** Aim of the task **
Repeat what the lines below say, word for word, and skip every image.

Start of Dataset section

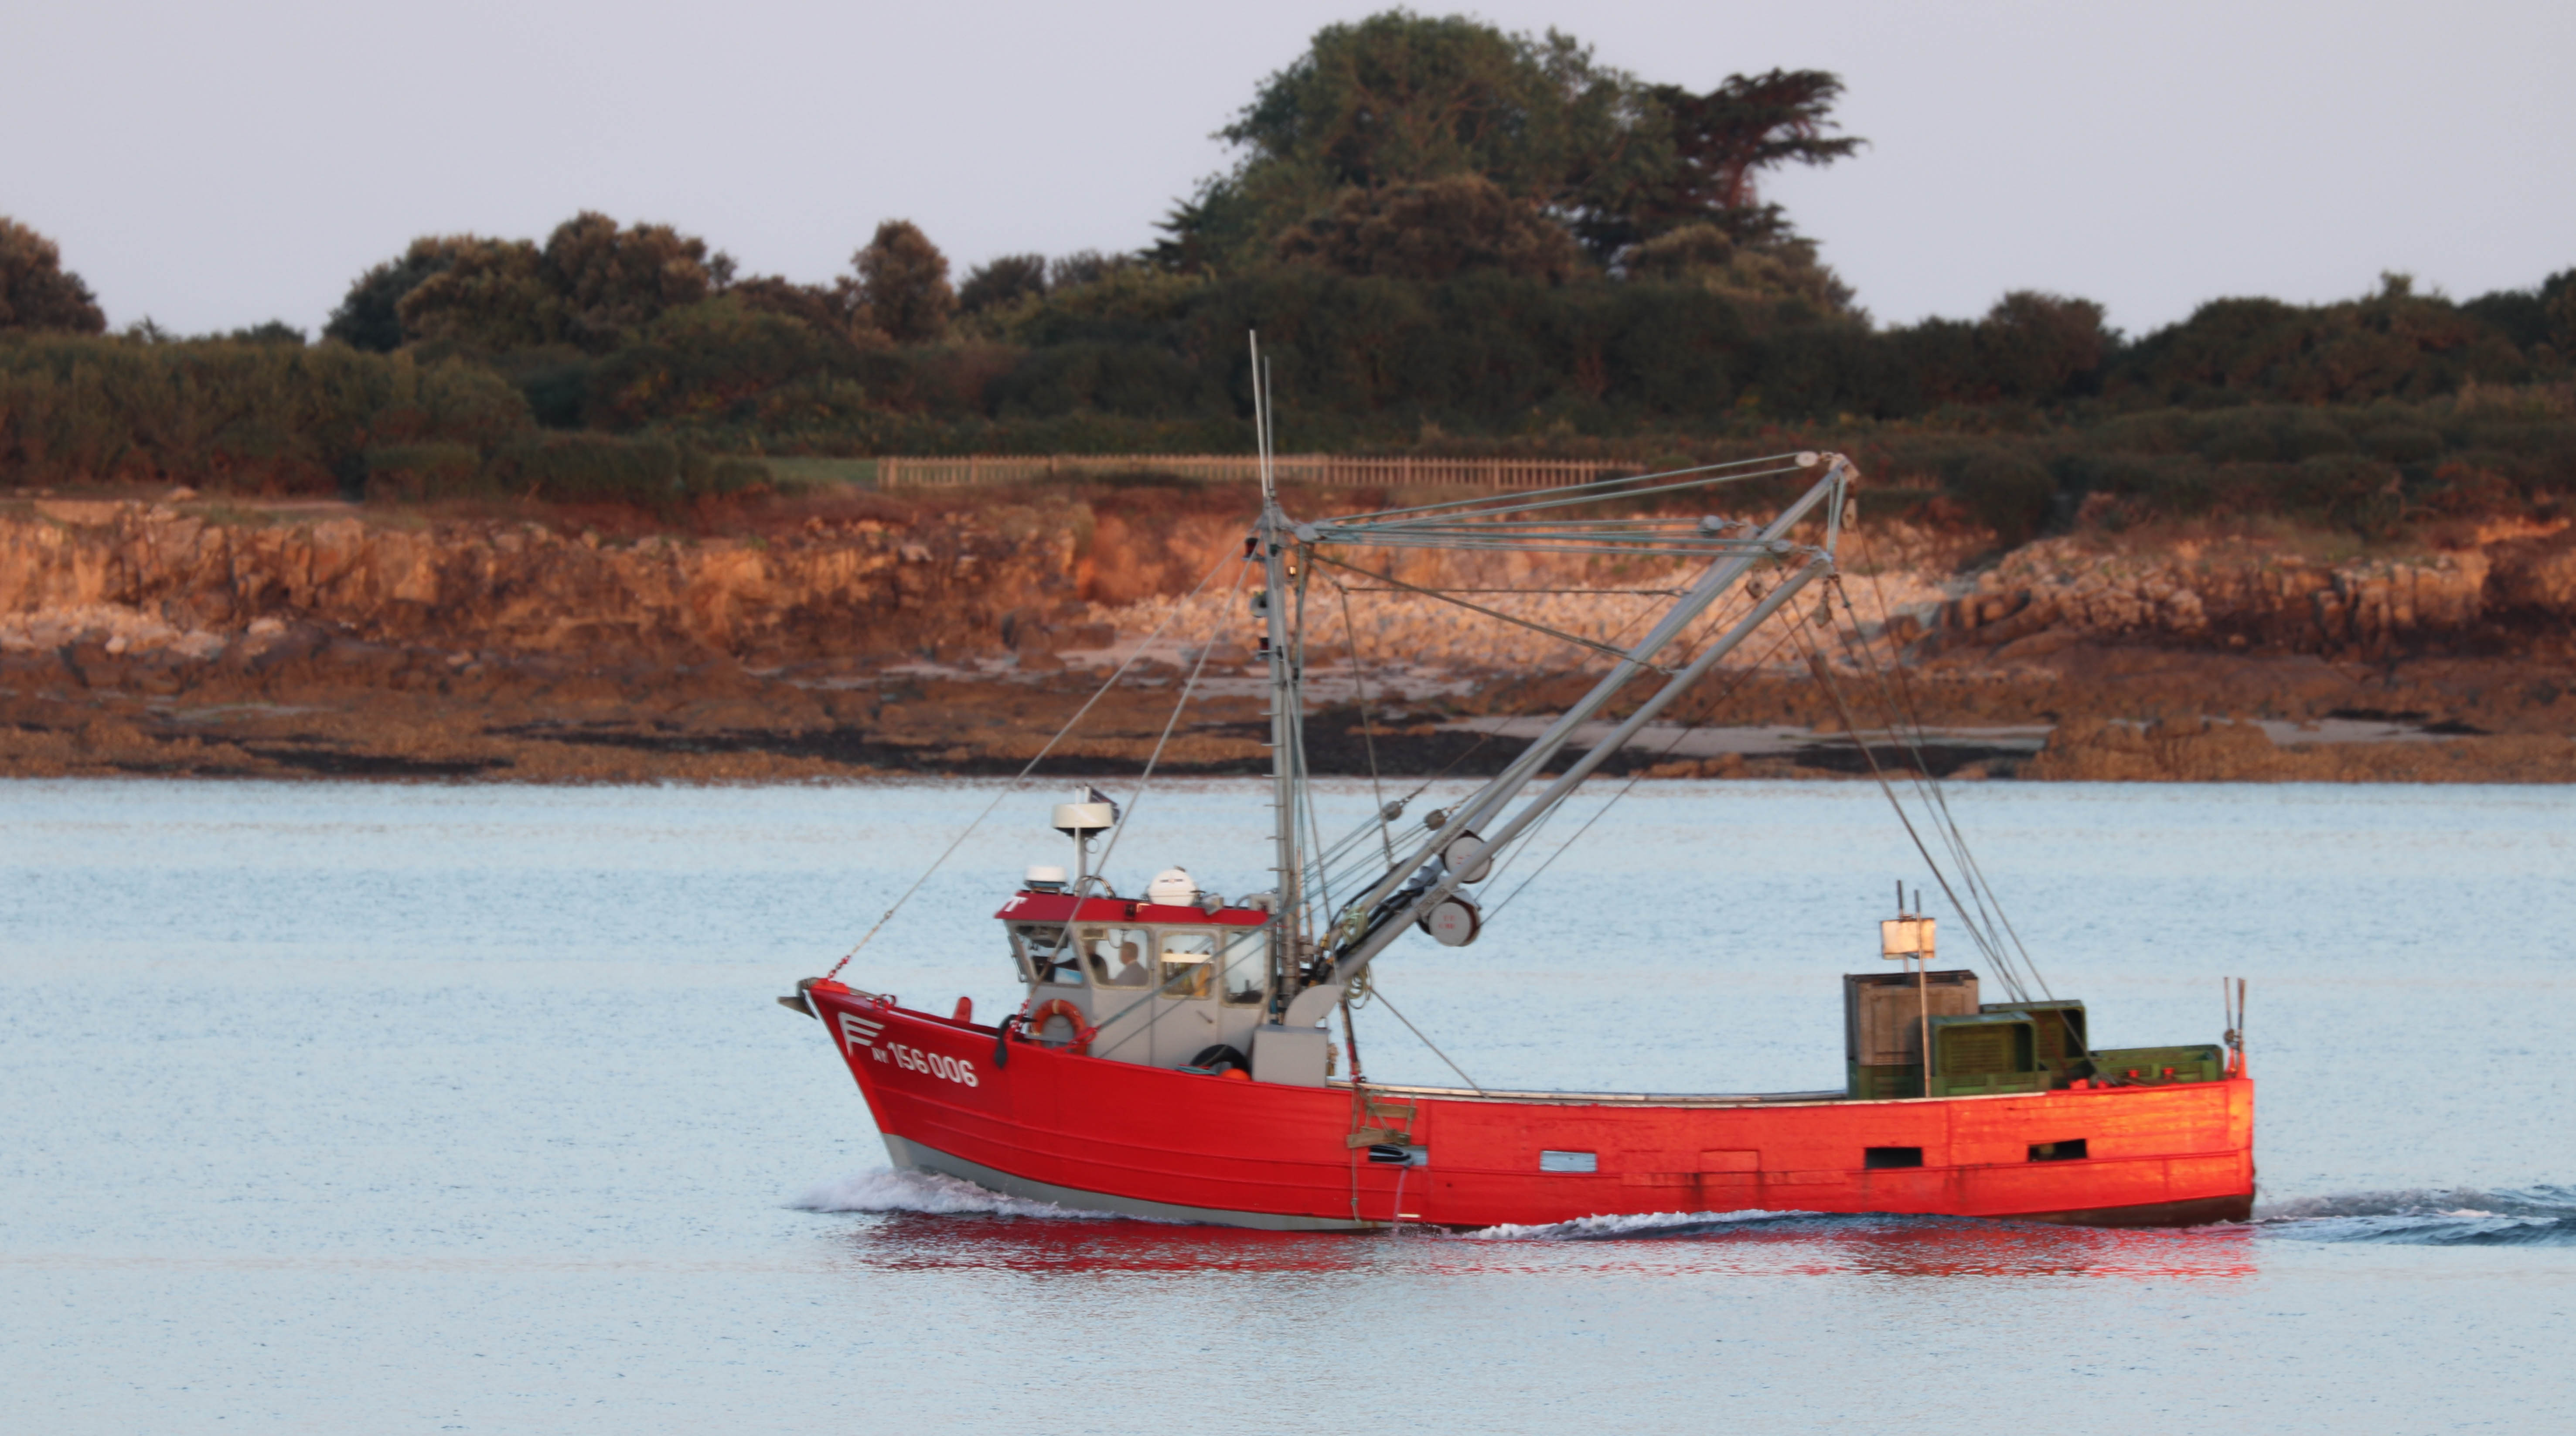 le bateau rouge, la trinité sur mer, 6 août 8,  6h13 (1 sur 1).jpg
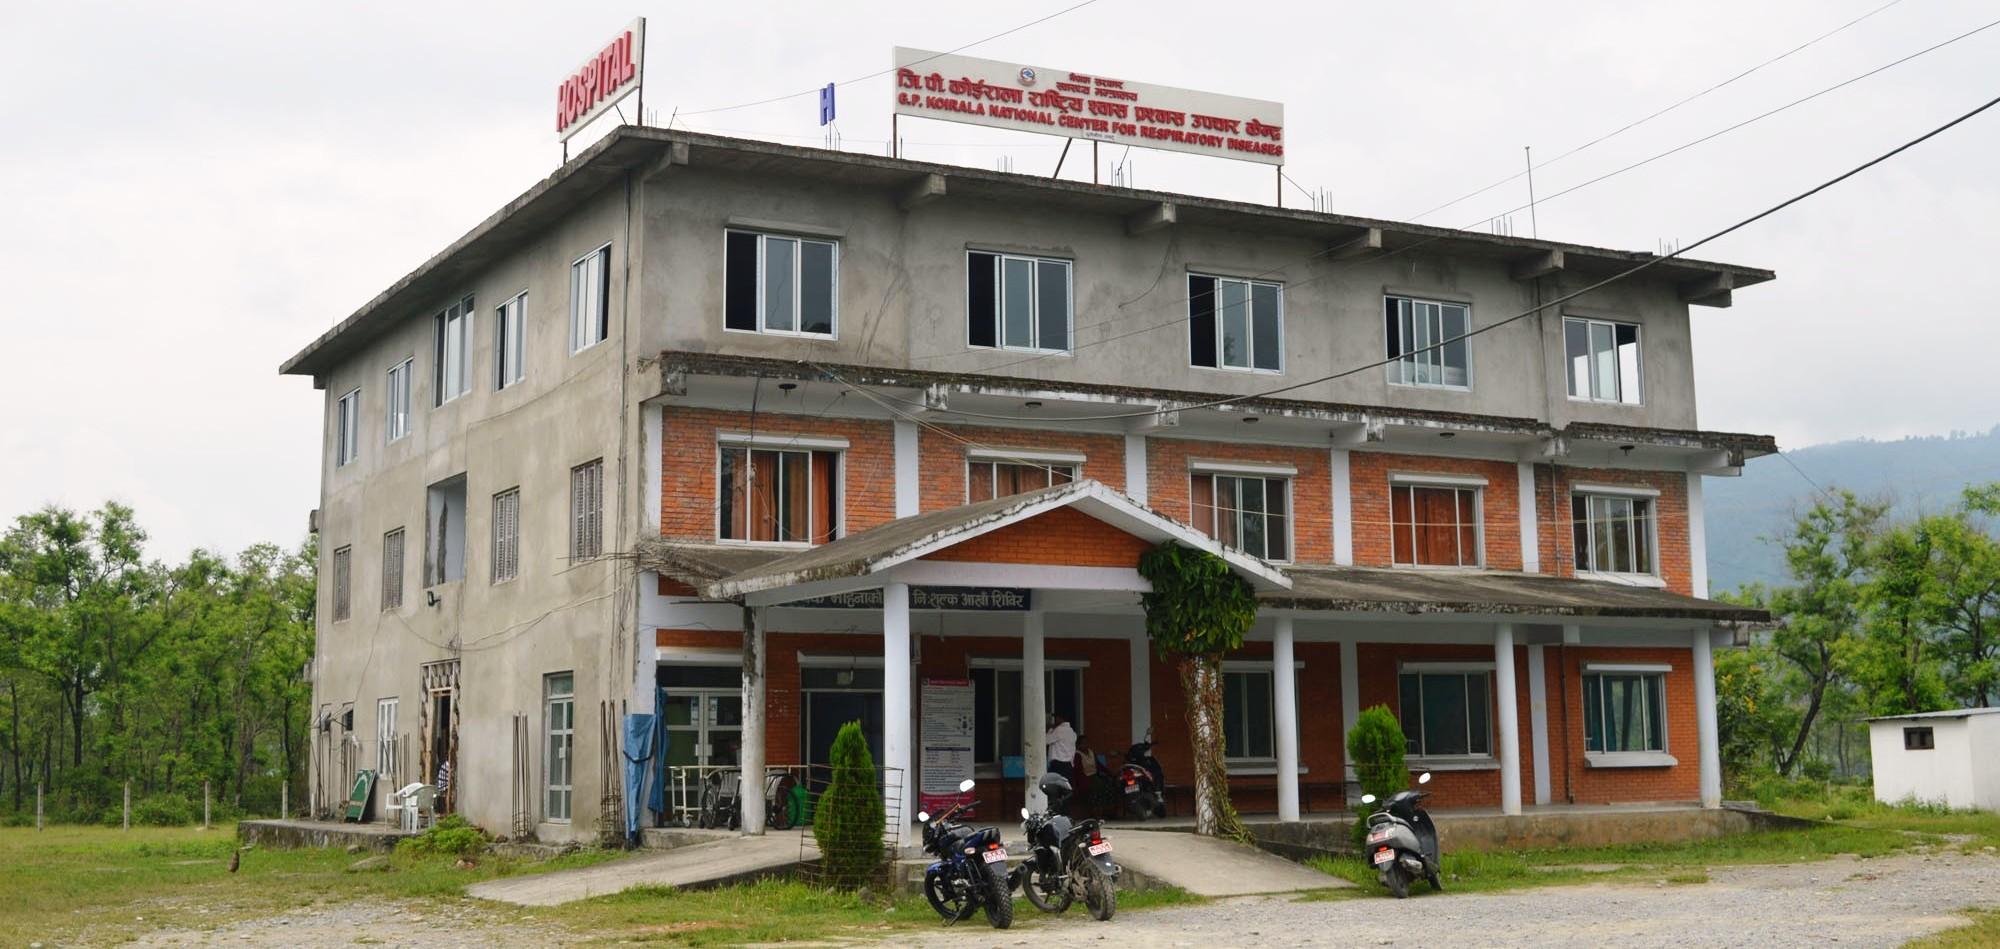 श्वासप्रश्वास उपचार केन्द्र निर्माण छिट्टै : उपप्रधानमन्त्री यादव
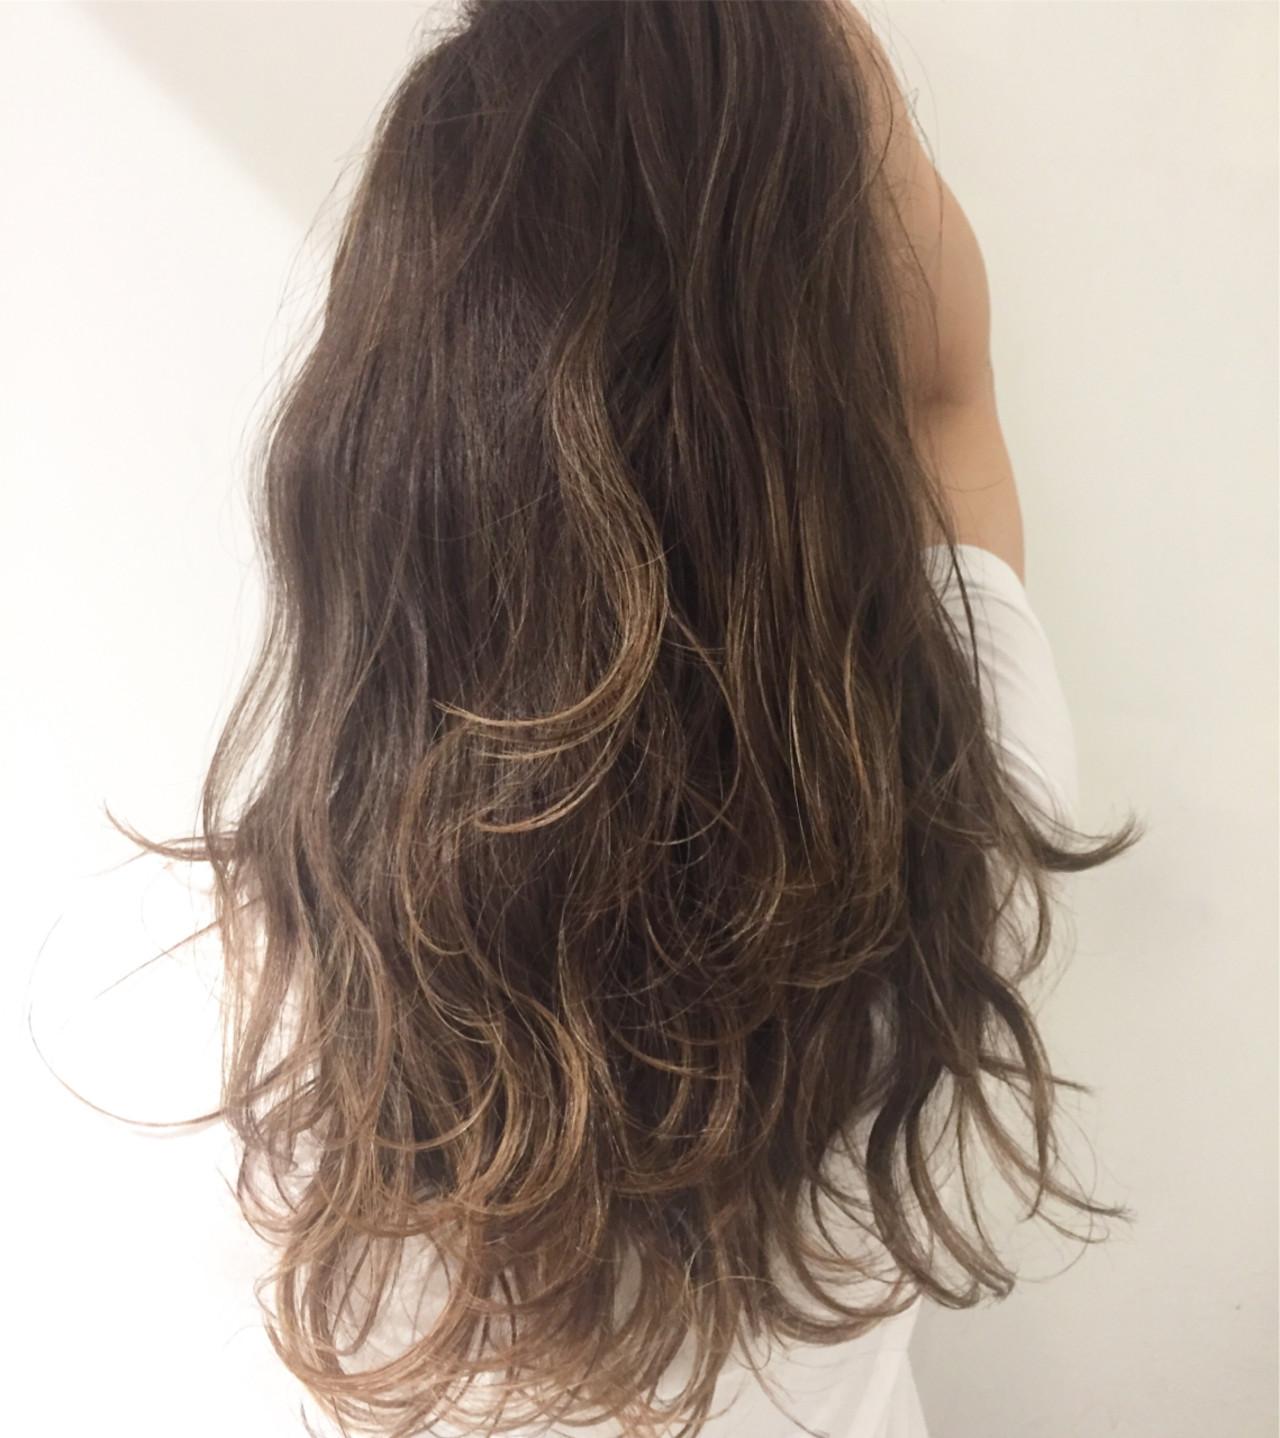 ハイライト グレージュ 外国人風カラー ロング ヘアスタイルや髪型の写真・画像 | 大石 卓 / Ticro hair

End of Dataset section

** Answer to the exercise **
 le bateau rouge, la trinité sur mer, 6 août 8,  6h13 (1 sur 1).jpg
 श्वासप्रश्वास उपचार केन्द्र निर्माण छिट्टै : उपप्रधानमन्त्री यादव
 ハイライト グレージュ 外国人風カラー ロング ヘアスタイルや髪型の写真・画像 | 大石 卓 / Ticro hair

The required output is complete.